Diyarbakır Emek ve Demokrasi Platformu, kentte kurulan kalıcı çadır kent yerleşiminden vazgeçilmesi için çağrıda bulundu.
Diyarbakır Emek ve Demokrasi Platformu, deprem süreci ve Dicle Nehri kıyısında yapımı süren çadır kente ilişkin Eğitim Sen 1 No’lu Şube’de basın toplantısı düzenledi. ‘Afetler değil, tedbirsizlik öldürür’ başlıklı basın metnini okuyan Diyarbakır Tabip Odası Başkanı Elif Turan, 6 Şubat’ta meydana gelen ve Diyarbakır’ı etkileyen depreme ilişkin bilgiler paylaştı. Turan, “Yaşanan depremde şehir merkezinde 2’si boş olmak üzere 8 bina, ilçe ve köylerde 12 yapı yıkılmıştır. Birçok sayıda bina hasar görmüştür. Merkezde yıkılan 6 binadaki arama kurtarma çalışmaları ne yazık ki 12 gün boyunca sürmüş, 18 Şubat itibarıyla sonlandırılmıştır. Yaşamını yitiren yurttaşımızın sayısı 407, yaralı sayısı 902 iken, halen hastanelerde 13’ü yoğun bakımda olmak üzere 32 kişinin yatarak tedavisi devam etmektedir” dedi.
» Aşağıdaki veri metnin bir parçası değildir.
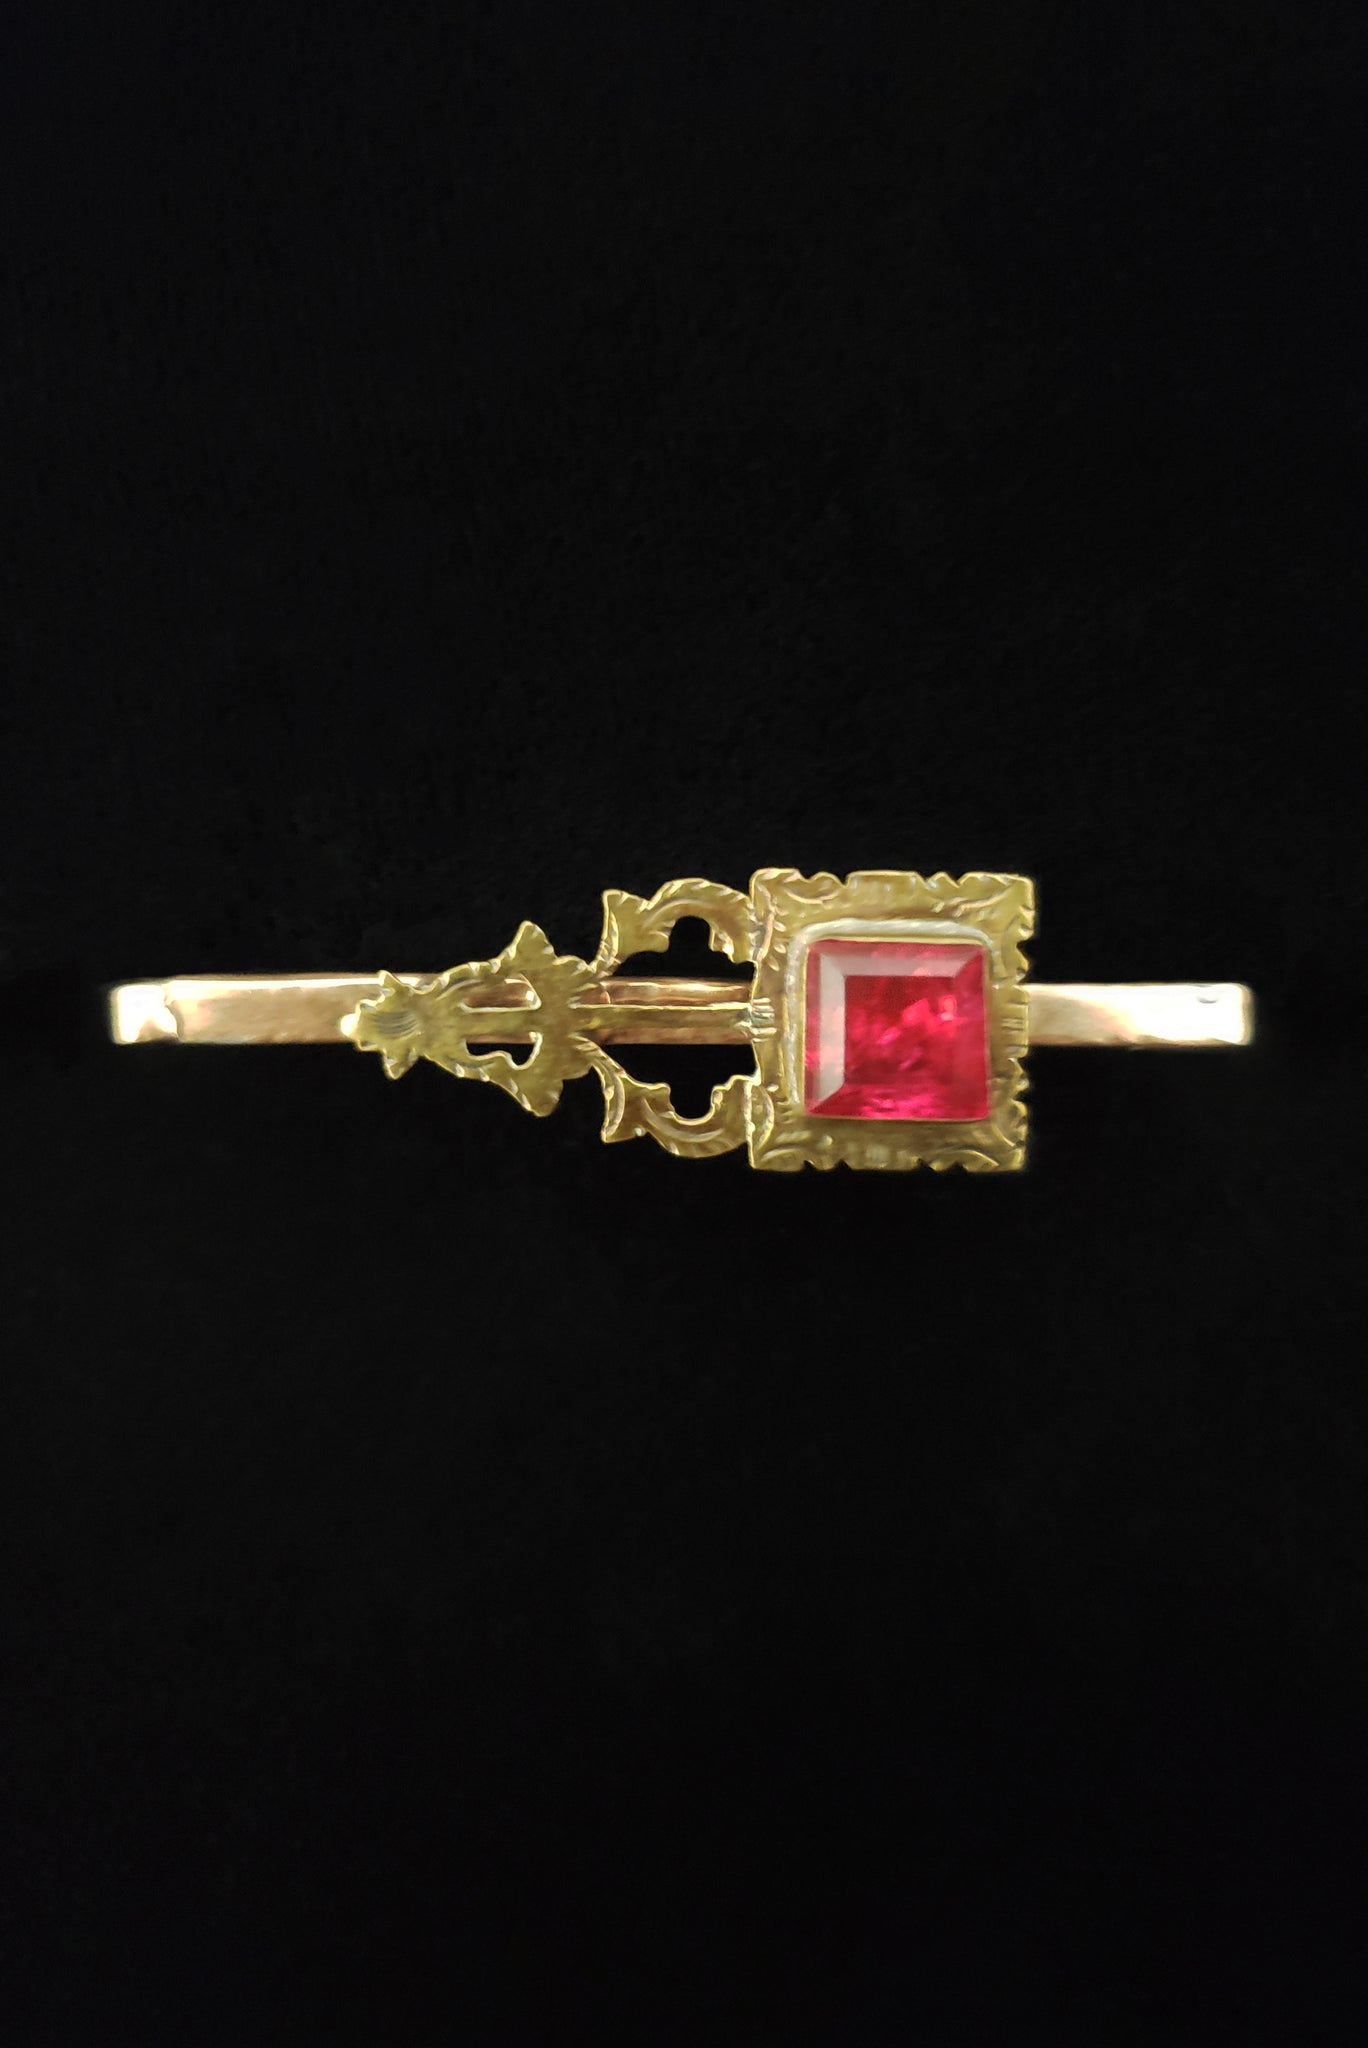 1920s Vintage Gold Tone Engraved Bar Brooch w/ Square Cut Red Ruby
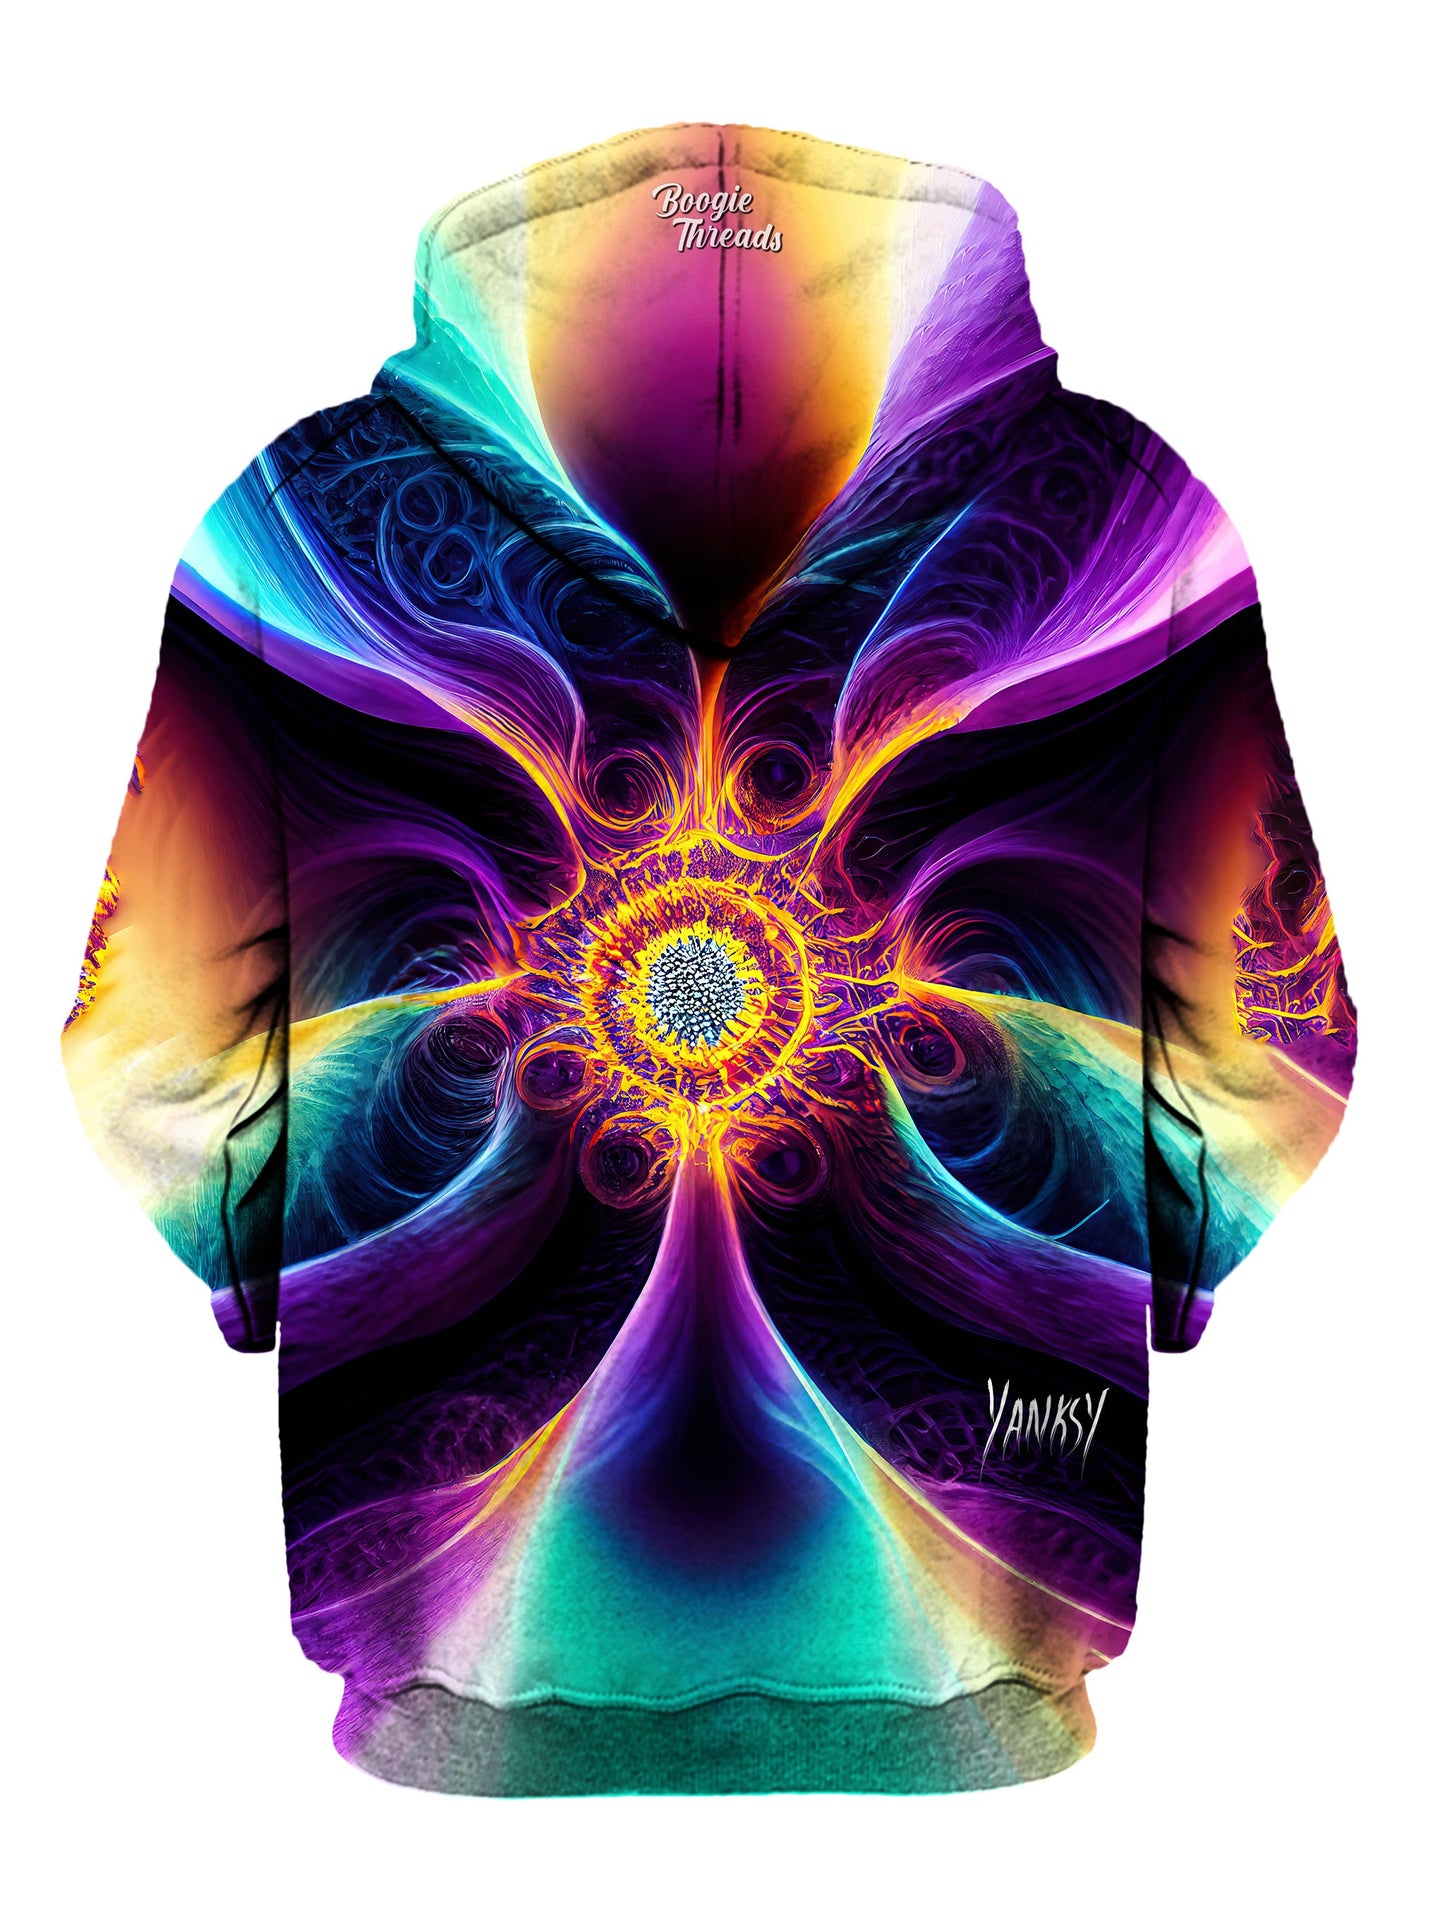 Get ready to dance the night away in this comfortable pullover hoodie

Depremin yaşandığı an itibariyle, Kent Koruma ve Dayanışma Platformu bünyesinde oluşturulan kriz masasında yer aldıklarını hatırlatan Turan, “Arama kurtarma, sağlık hizmetleri, akut ihtiyaçlar, toplanma alanlarının belirlenmesi, acil uyarıların yapılması gibi birçok alanda koordinasyon ve saha faaliyeti yürüttük. Demokratik kitle örgütleri, meslek örgütleri ve sivil toplum geleneğinin göstermiş olduğu bu hızlı refleks, yaşamın her alanında örgütlü bir toplumun ne kadar elzem olduğunu bir kez daha göstermiştir. Depremin ilk saatlerinde birçok iş makinesi, elektronik ve manuel ekipman temin edilip gönüllü arkadaşlarımızla sahaya ulaştırılmıştır. Aciliyet arz eden battaniye, yiyecek, içecek gibi temel ihtiyaç malzemeleri hızlı bir şekilde dağıtılmaya başlanmıştır” diye belirtti.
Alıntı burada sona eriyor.